### What the task asks:
The pictures are to be left out, and all remaining data is to be transcribed exactly as it appears.

### Data segment:
==========
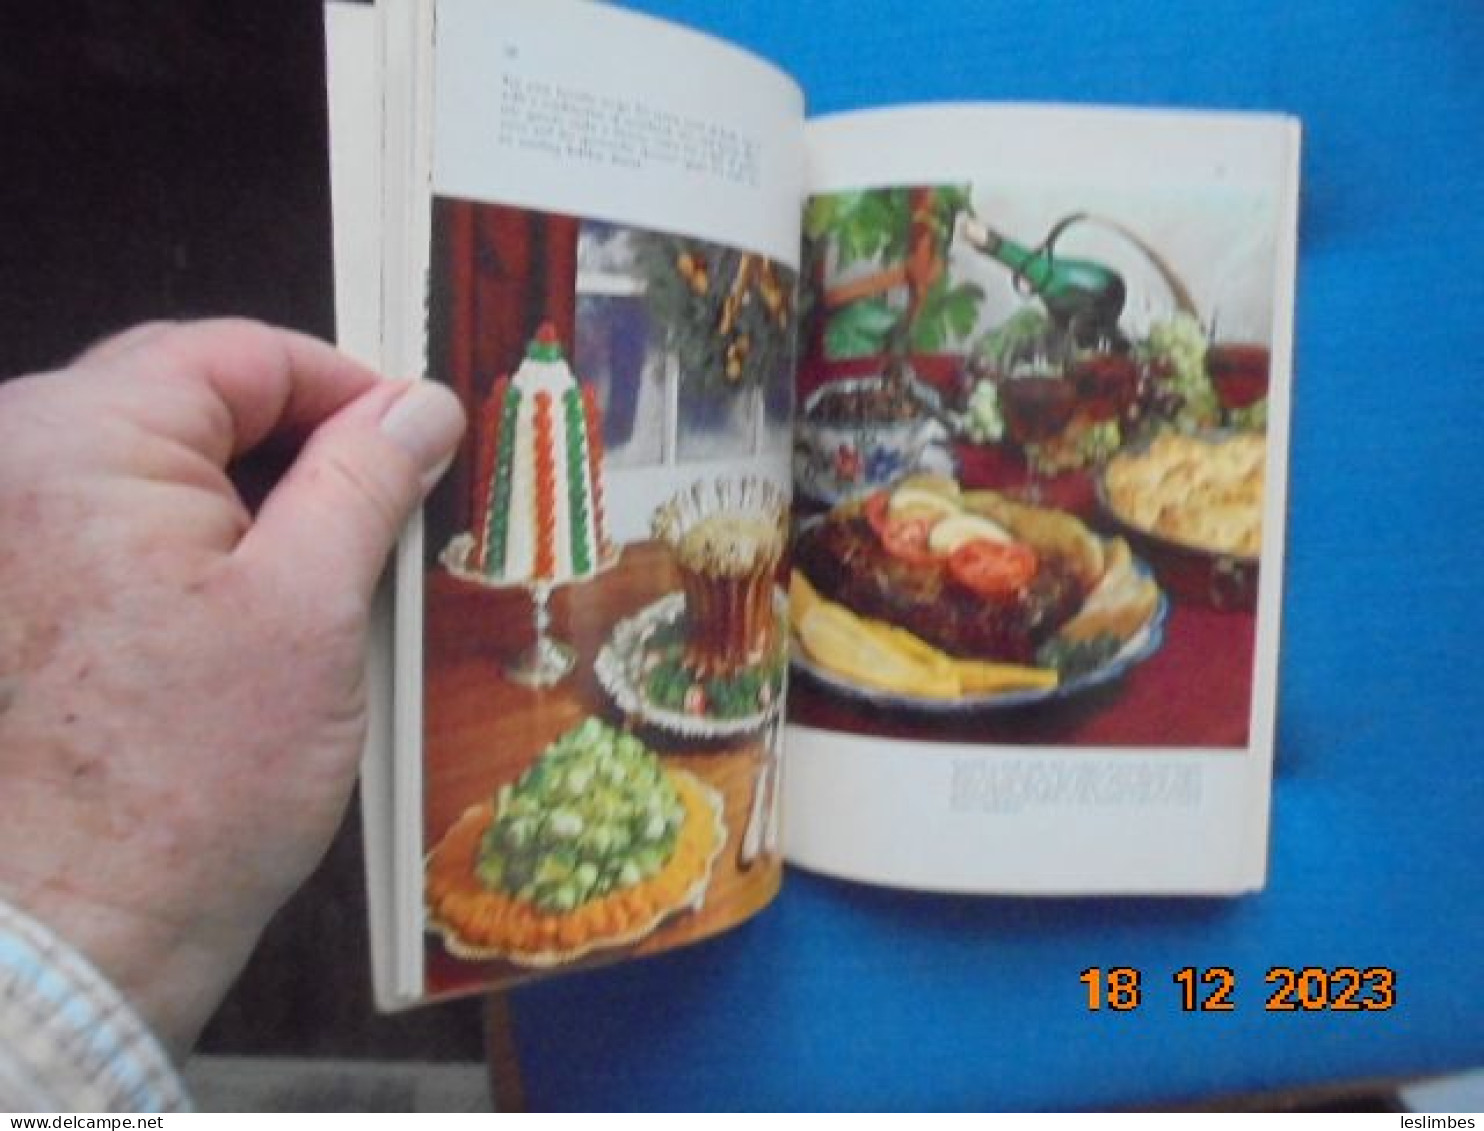 Serving Food Attractively - Florence Brobeck, Nelson Doubleday, Inc. 1966 - Nordamerika
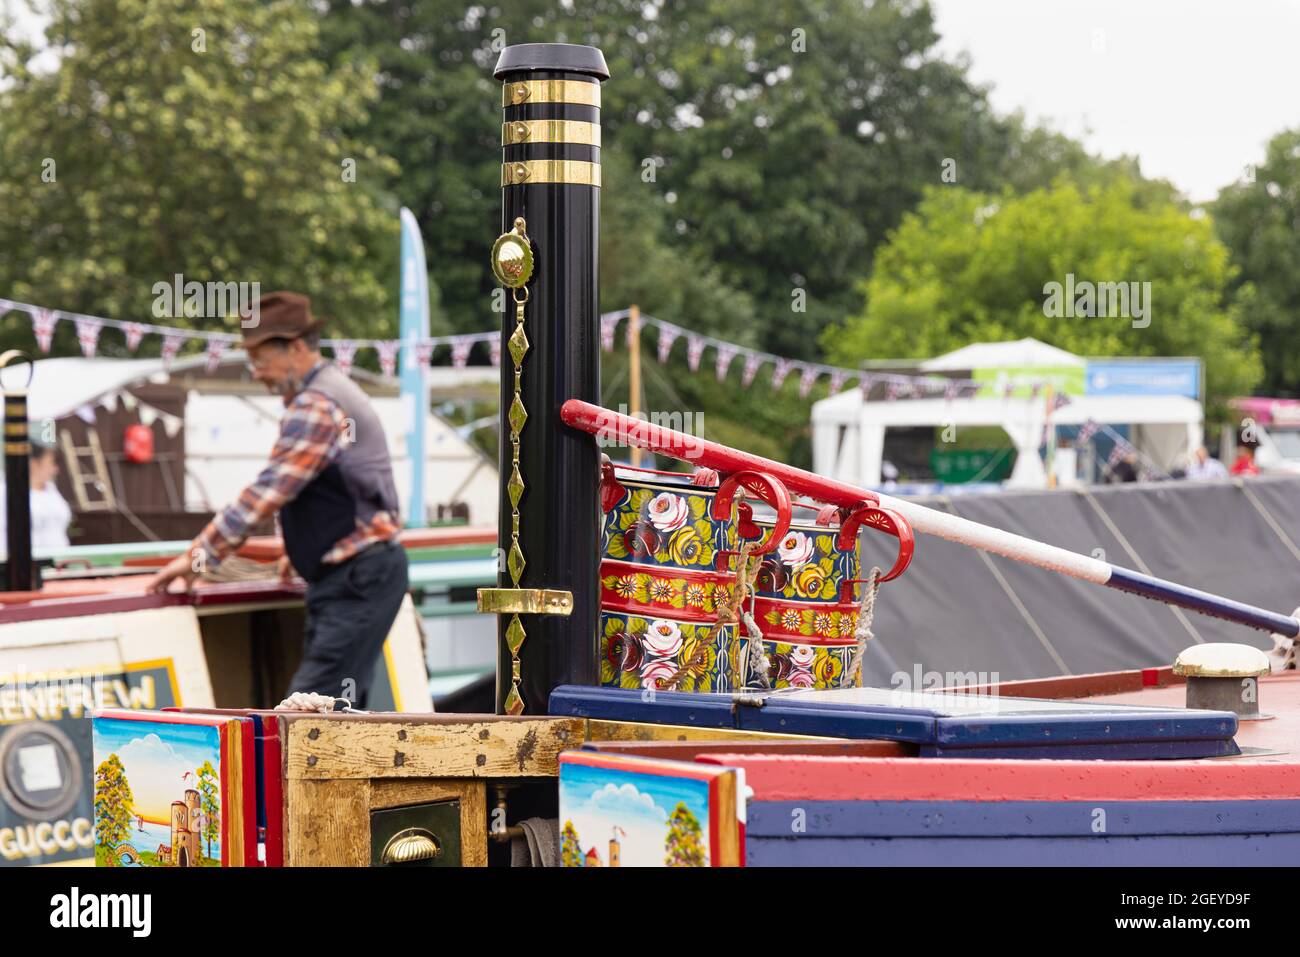 Crick, Northamptonshire, UK, August 22nd 2021: Traditionally painted jugs by a brass bound chimney on the roof of a narrowboat at Crick Boatshow. Stock Photo
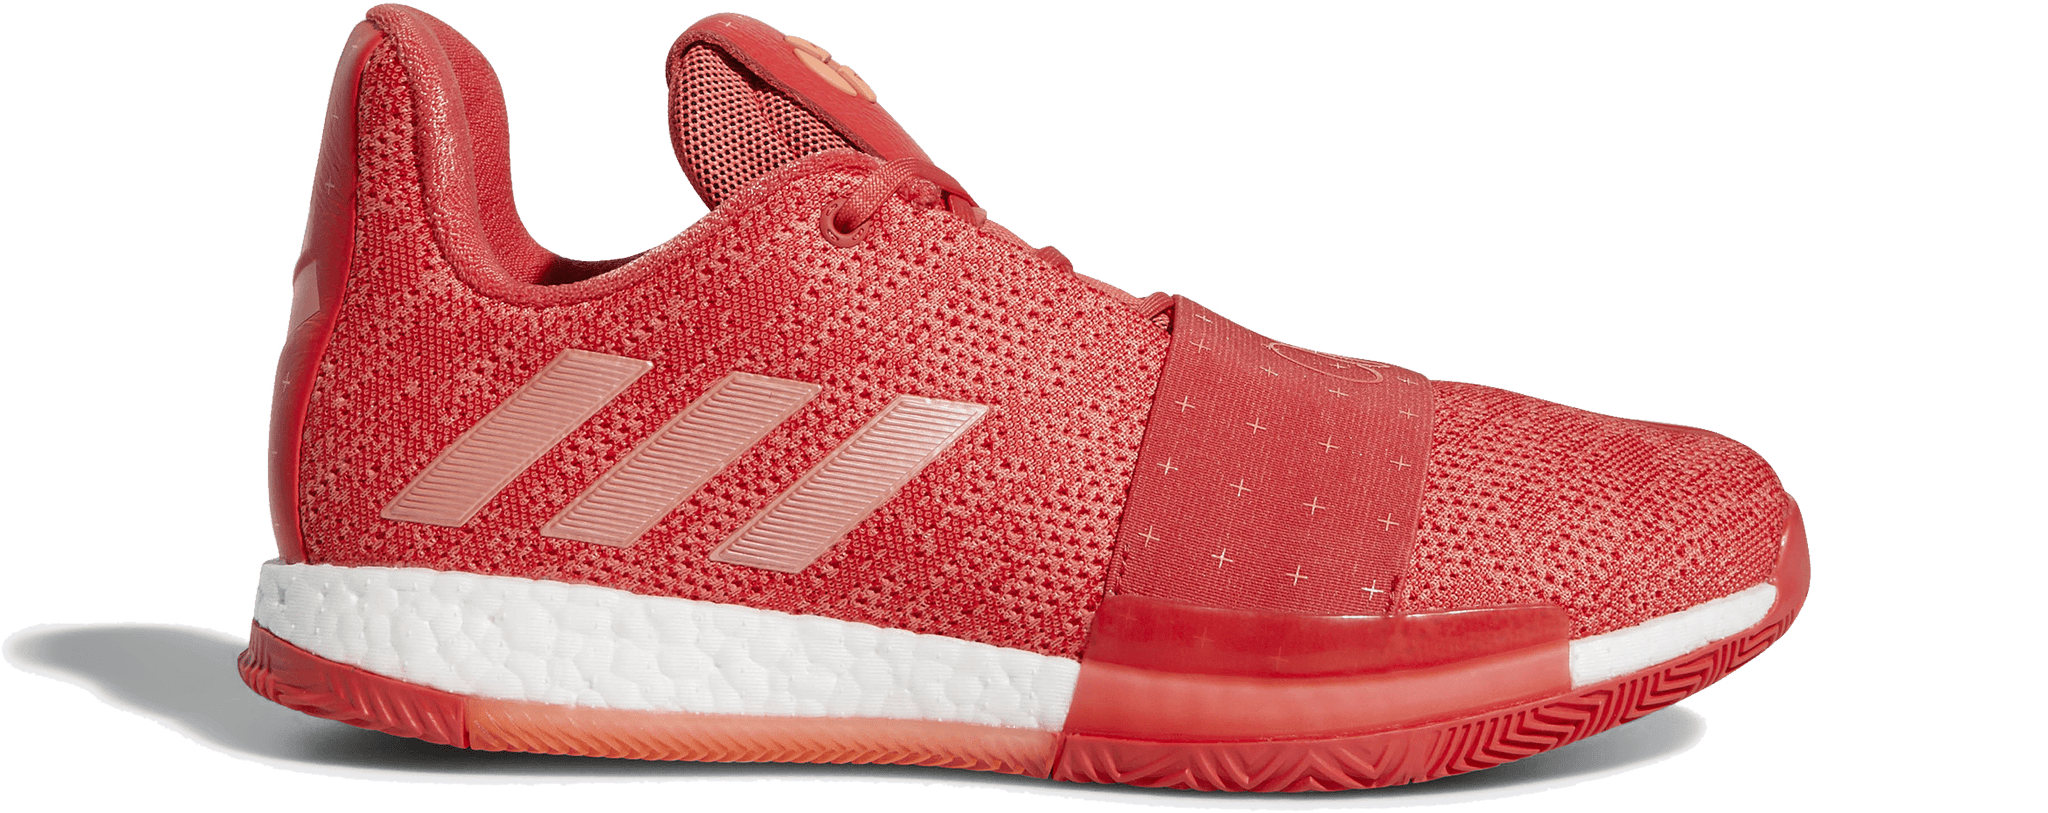 Adidas Harden Vol. 3 Performance Review
==========
### Solution to this problem:
 Serving Food Attractively - Florence Brobeck, Nelson Doubleday, Inc. 1966 - Nordamerika
 Crick, Northamptonshire, UK, August 22nd 2021: Traditionally painted jugs by a brass bound chimney on the roof of a narrowboat at Crick Boatshow. Stock Photo
 Adidas Harden Vol. 3 Performance Review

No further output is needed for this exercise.